Eight-year-old J had been diagnosed with and treated for a number of psychiatric conditions when he was made a temporary ward of the CAS and placed in a group home. While there, he was prescribed additional medication. J’s grandparents became progressively concerned about his medication regime, and what they viewed as his deteriorating condition. They claim the CAS did not listen to their concerns. They were eventually able to obtain guardianship of J, supported by a psychologist who criticized the high doses of psychotropic drugs he had been subjected to while in CAS care. After a 10-month period of detoxification, J is now thriving. His grandparents raised a number of concerns with the Ombudsman, including the society’s refusal to act on their concerns, threats of loss of visitation while J was in the group home, failure to disclose alleged sexual abuse, and refusal to respond to their letters. We were forced to decline their complaint as out of our Office’s jurisdiction.

THE STORY OF SERENA AND SOPHIA CAMPIONE

After three-year-old Serena Campione and her one-year old sister Sophia were found dead in a Barrie apartment in October 2006, their mother was charged with two counts of first-degree murder.

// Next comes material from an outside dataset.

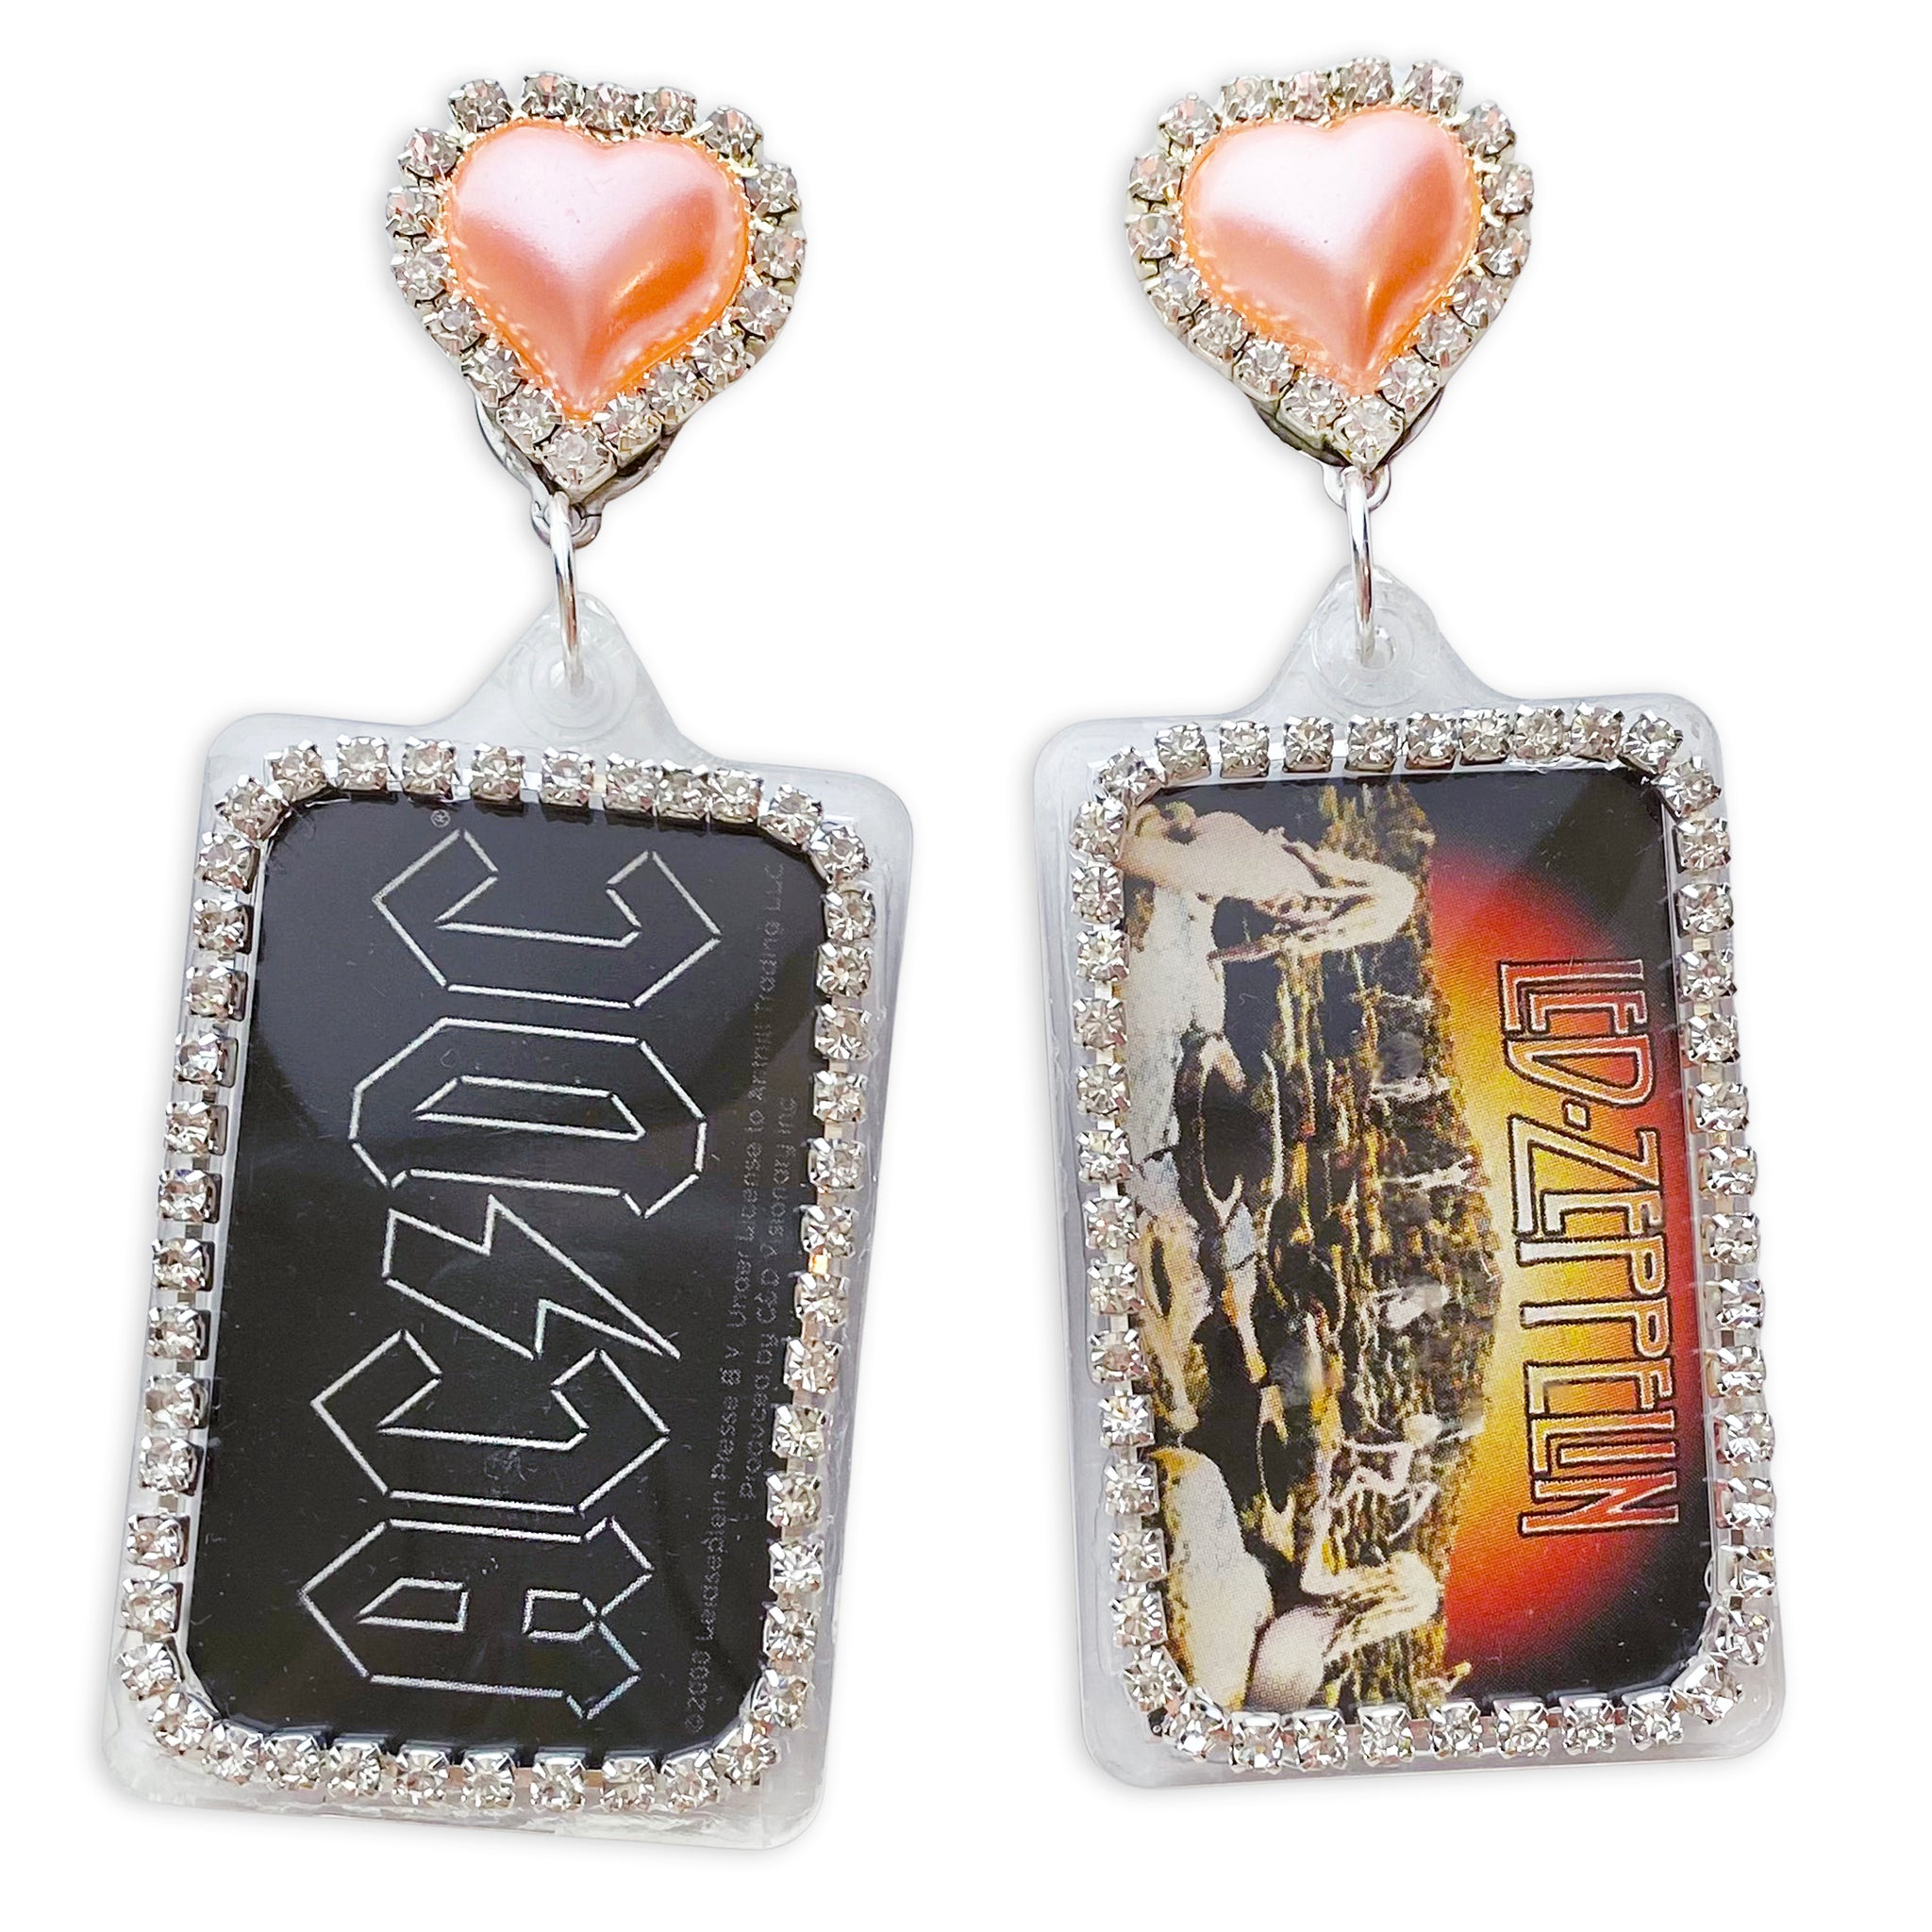 Bedazzled ACDC/Led Zeppelin Vintage Remix Earrings

The deaths took place in the midst of acrimonious divorce proceedings and allegations of domestic assault against the girls’ father, Leonardo Campione. The girls’ mother had reportedly been hospitalized three times in the previous year for psychiatric problems, and the girls had been cared for by their paternal grandparents. After the tragic death of his daughters, Mr. Campione complained to the Ombudsman that the CAS staff responsible for supervising his children while in their mother’s care were negligent. He did not understand how his estranged wife, who had displayed such difficulty in caring for the children, could have been allowed custody. The Ombudsman is powerless to investigate his allegations, and the Child and Family Services Review Board does not have the power to investigate the actions of the CAS. Nor does it have the power to review systemic issues such as what process the society has in place to deal with placement and supervision of children when a parent has suffered acute psychiatric problems. These issues could potentially be examined by the Ontario coroner’s pediatric death review committee or a coroner’s inquest, given that the children are dead. However, there is no opportunity for independent investigative oversight to address errors of the kind alleged before they become fatal.

On April 5, 2006, MPP Andrea Horwath introduced a private member’s bill, Bill 88, the Ombudsman Amendment Act (Children’s Aid Societies), 2006, proposing that the Ombudsman be given authority to investigate the conduct of children’s aid societies. The bill died when the House was prorogued on June 5, 2007.


ANOTHER MISSED OPPORTUNITY

“Despite all the government rhetoric that ‘children are our future,’ we in Ontario are choosing to rid ourselves of hundreds of these serious allegations every year by taking a trip to the dumpster and looking the other way.”
– OMBUDSMAN’S SUBMISSION ON BILL 165

On April 24, 2007, the Ombudsman made a submission to the Standing Committee on Justice Policy regarding Bill 165, the Provincial Advocate for Children and Youth Act, 2007, which made the Provincial Advocate for Children and Youth an Officer of the Legislative Assembly. He noted that while a welcome voice for children, the Advocate, unlike an Ombudsman, would have no investigative powers. Citing the hundreds of complaints about CASs that must be turned away from the Ombudsman’s Office every year, he repeated his call to be allowed to investigate children’s aid societies. Two members of the Committee moved that the Ombudsman’s authority be extended in this way, but were ruled out of order. The bill was passed and given Royal Assent on June 4, 2007.